While some Black Americans used political tools in their fight against the effects of institutional racism, others used art. The Harlem Renaissance, or New Negro movement as it was also known by its contemporaries, was a cultural movement that was crucial in establishing black identity. For this essay, identify and discuss three specific examples and the individual(s) associated with it as highlighted by the textbook in Chapter 7. How did these contributions impact both popular culture and the Black community at large?

There have been many different tactics that have been used throughout history in order to fight against institutional racism. A large part of this involved understanding one’s identity. It was important for African Americans to establish their black identity and the cultural roots that come along with this. When dealing with racial discrimination, it is important to have a cultural movement that establishes black identity because while dealing with constant discrimination and trying to fight against it, it helps to be confident in the identity they are trying to tear down. Black identity and the culture that comes with it helps strengthen and revitalize that inner warrior to combat the injustices and fight for what is right without faltering.

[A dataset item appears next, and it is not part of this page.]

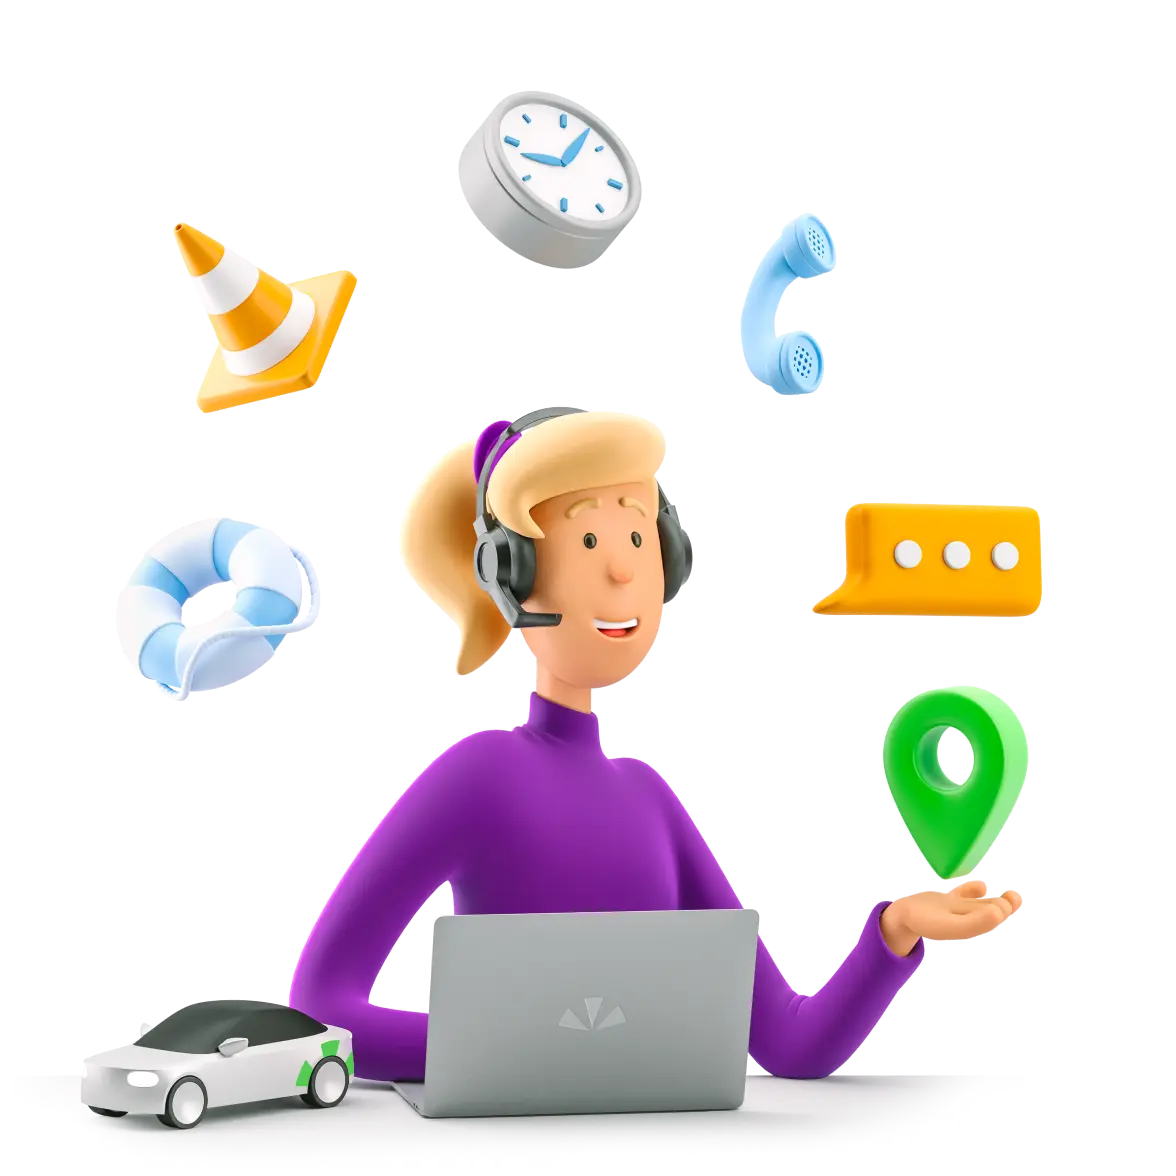 Icon representing car rental assistance, featuring an image of a person holding a smartphone or a customer service representative holding a headset. The image represents the availability of help and support for customers who need assistance with their rental, whether it be with booking, payment, or other inquiries. This icon signifies the service provider's dedication to customer service and their commitment to ensuring a positive and satisfactory rental experience.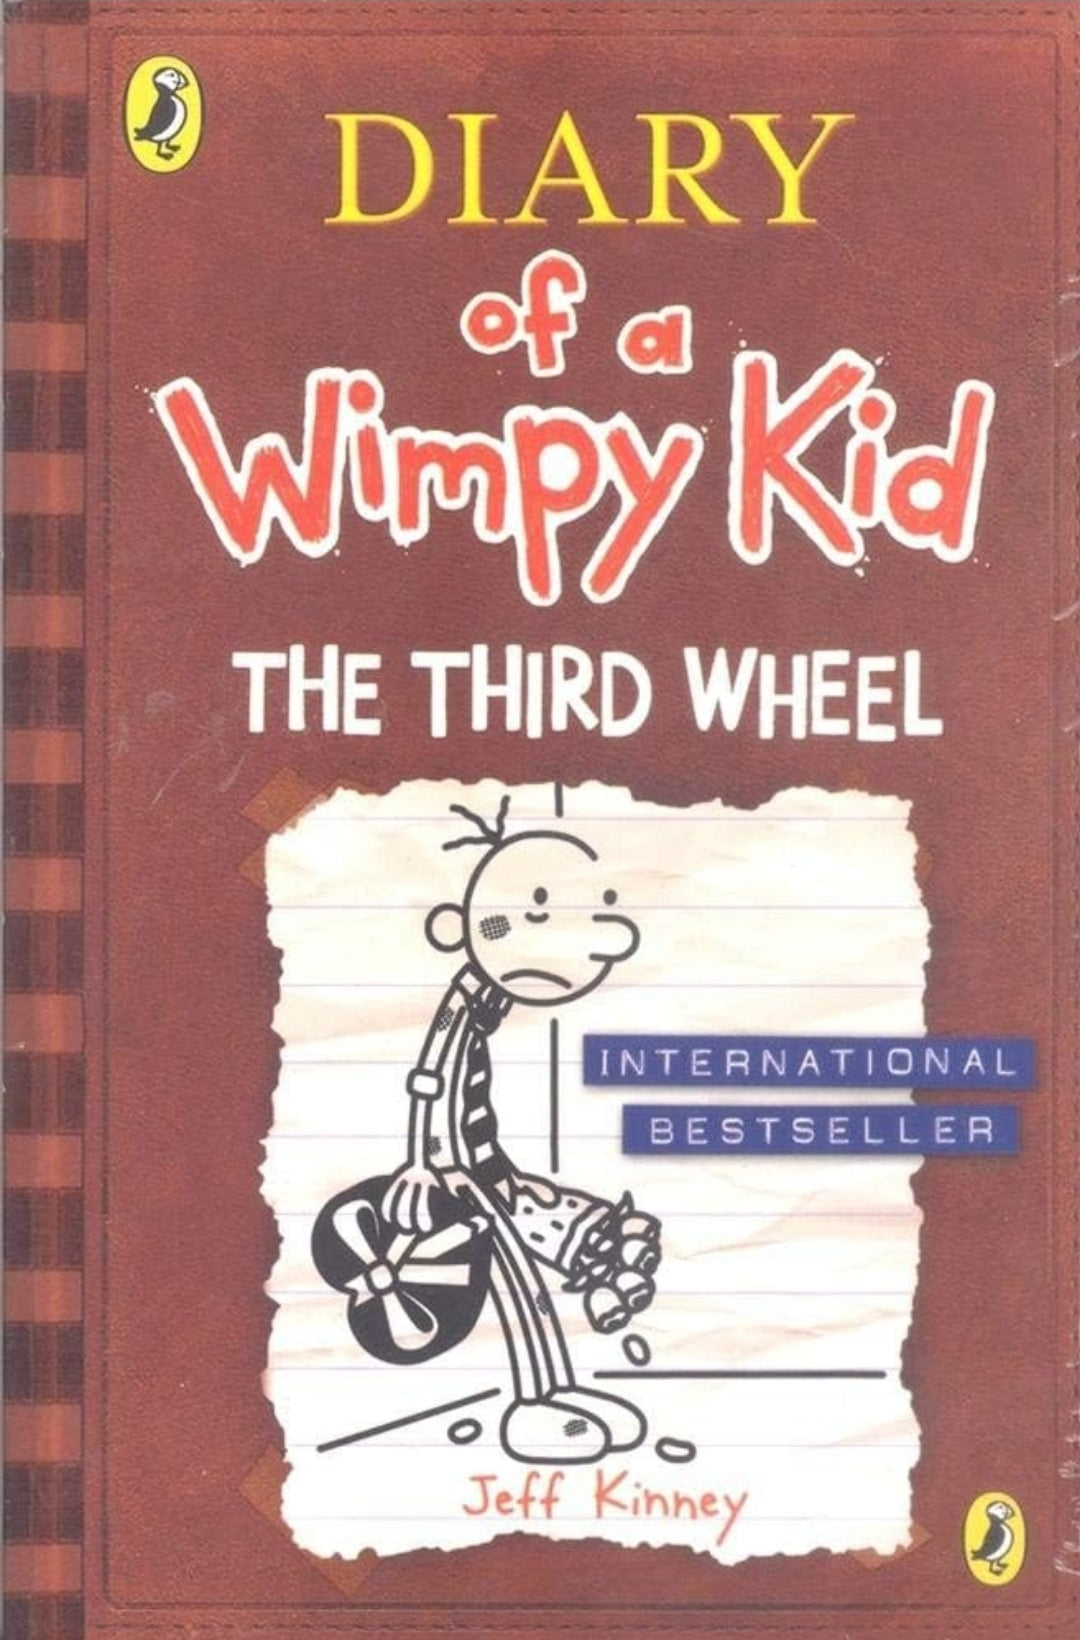 Diary of a Wimpy Kid: No Brainer by Jeff Kinney

Ida B. Wells used her power and voice as a journalist to tell stories no one else wanted to share. She wanted to vocalize the wrong doings of the whites who felt they could get away with everything because they felt they were the only ones who had a voice. Fortunately, powerful and brave women like Ida understood the importance of using her voice to make great change. In many of her pieces, she wrote about the injustice lynching’s that had been occurring.

There were also other voices like Booker T. Washington that believed educating was the best way to uplift people of color. His tool of choice was by advocating for education. He did this by going place to place and informing them about Tuskegee University and all it could do for them.

For some, it was the Jazz movement during the Harlem Renascence that moved them to get more in touch with their roots. Louis Armstrong was a trumpeter during this era. Jazz was used as somewhat of a coping mechanism during the really rough times. Jazz was a form of expression that exemplified some of the rough periods faced and it helped many get through and keep searching for justice.

  • Louis, Henry, and Donald Yacovone. The African Americans: Many Rivers to Cross. Carlsbad, California, Smileybooks, 2016.